Segmentation results on the gland dataset (best view in color). The ground truth and the results. For (c) and (d), Red contour denotes the results from \(9.4\%\) strong labels; Green contour denotes results from \(4.7\%\) strong labels. (Color figure online)

5 Conclusion

In this paper, we develop a multi-task learning framework for microscopy image segmentation, which relaxes the requirement for numerous and accurate annotations to train the network. It is therefore suitable for segmentation problem with a dense population of object instances. The model separates the segmentation problem into three smaller tasks. One of them is dedicated to the instance detection and therefore does not need exact boundary information. This gives potential flexibility as one could concentrate on the classification and rough location of the instances during data collection.

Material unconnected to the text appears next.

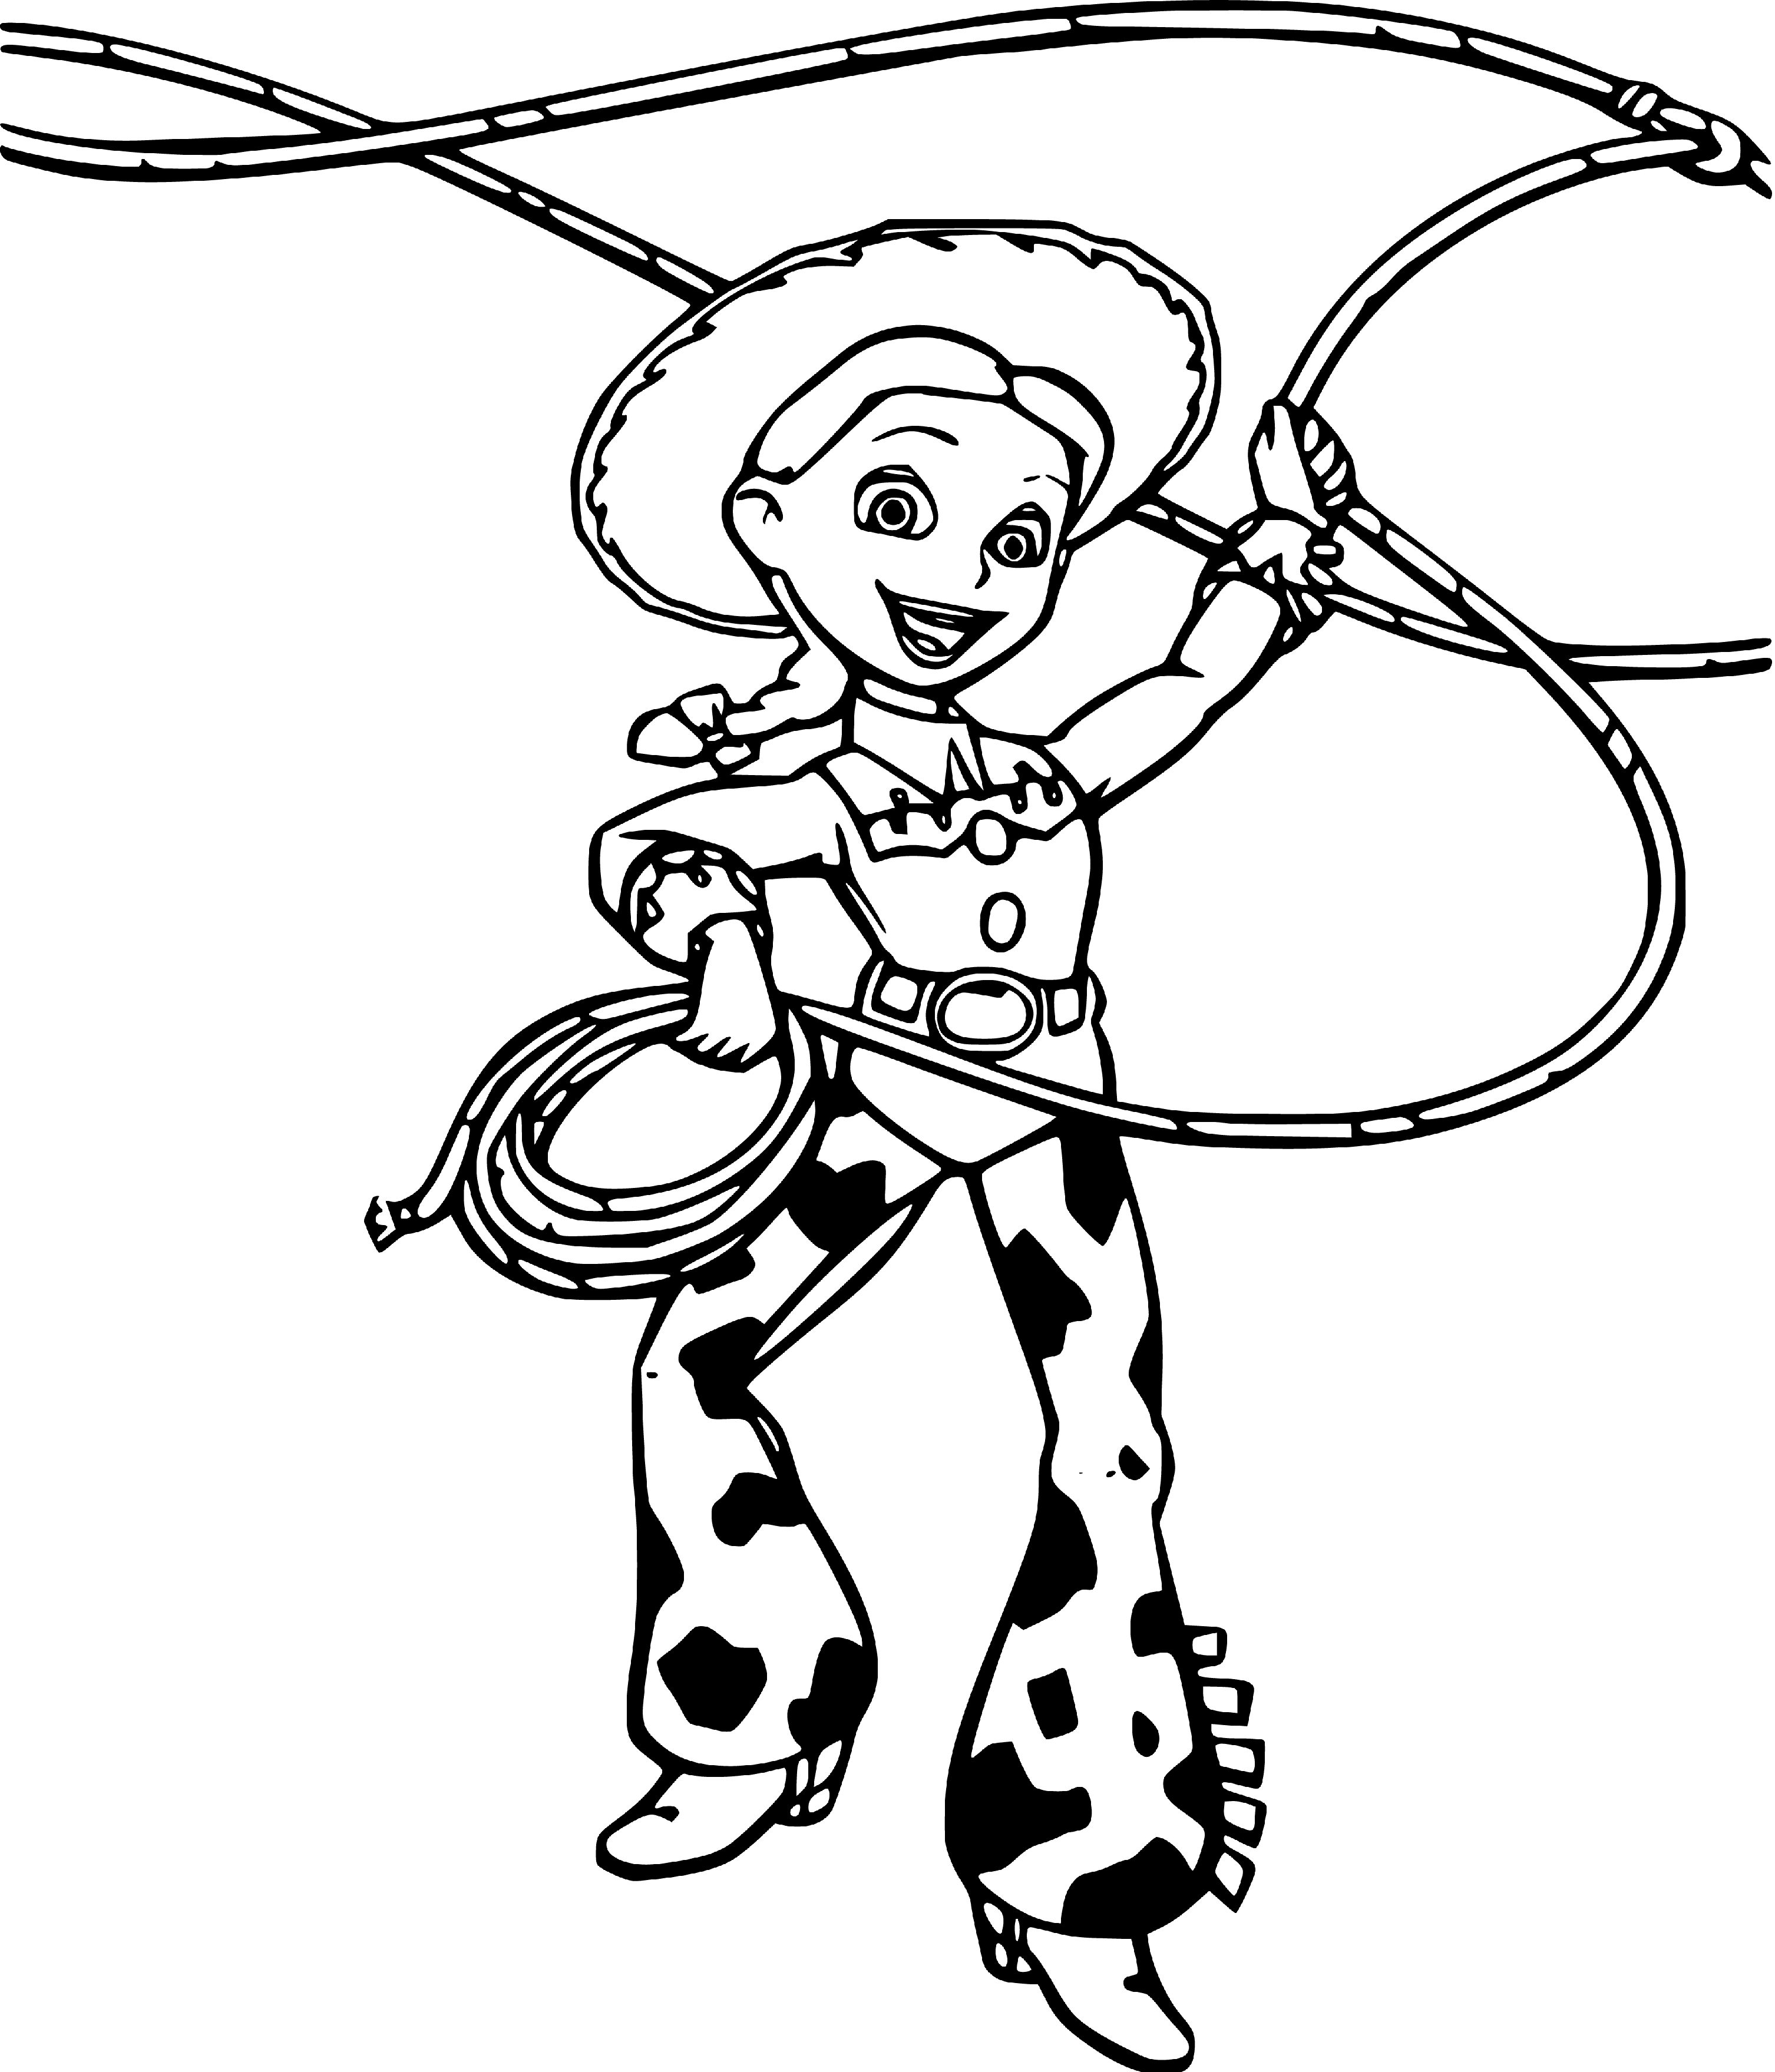 Printable Jessie  to Color Coloring Page for kids.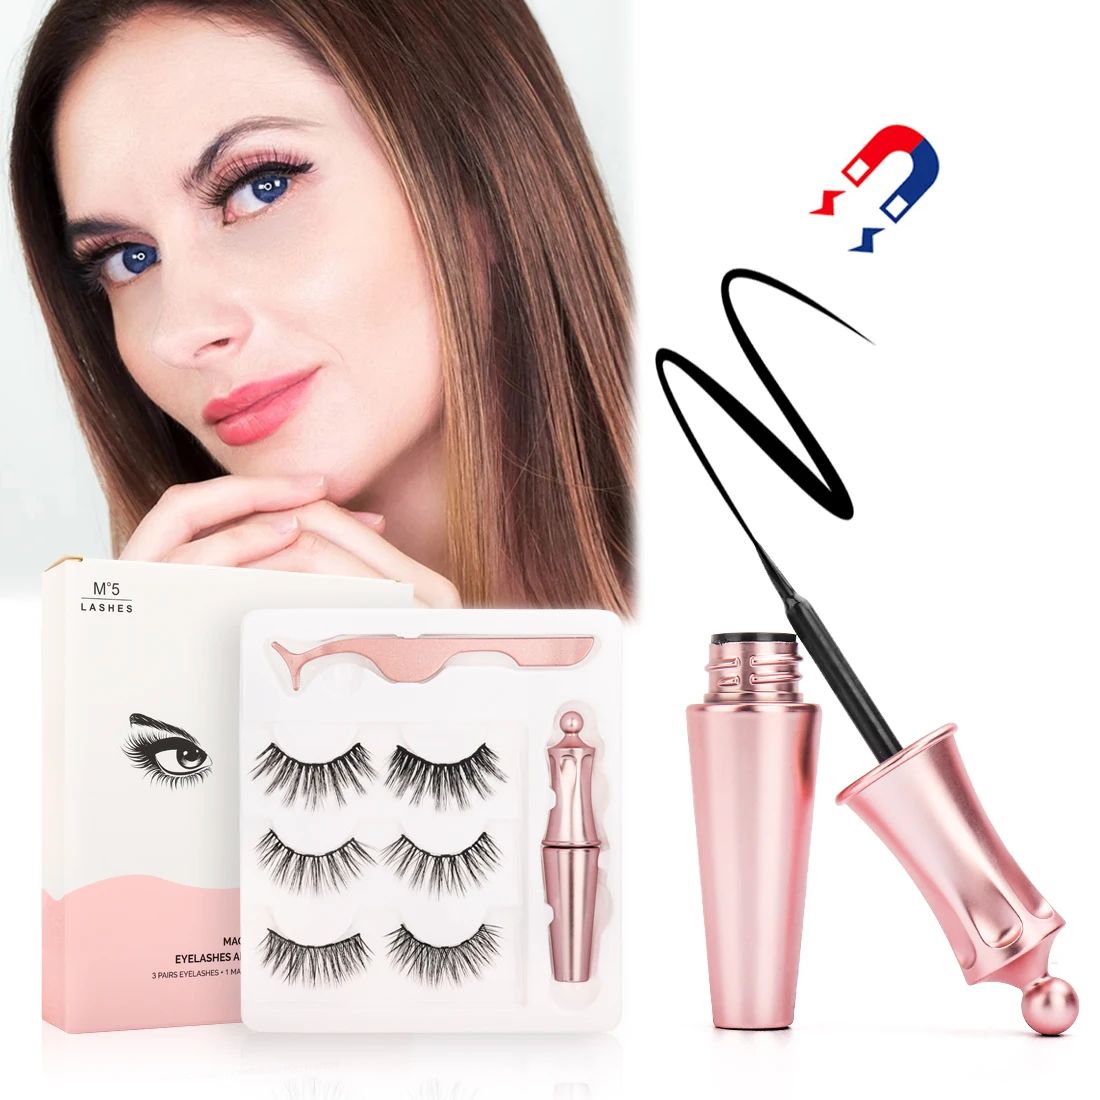 New Magnetic eyelashes with 4 magnets magnetic lashes natural false eyelashes magnet lashes with eyelashes applicator-24P

The second one focuses on the separation of objects sharing a common boundary. The final task aims at extracting pixel-wise boundary information. Thanks to the information shared within the multi-task learning, this accurate segmentation can be obtained using very few annotated data. Our model is end-to-end and requires no reprocessing for the weak labels. For the partial masks that ignore boundary pixels, the annotation can also be done when the boundaries of object are hard to detect. In the future, we could like to extend the proposed approach for solving 3D segmentation problems in biomedical images where labelling a single 3D image needs much more manual work.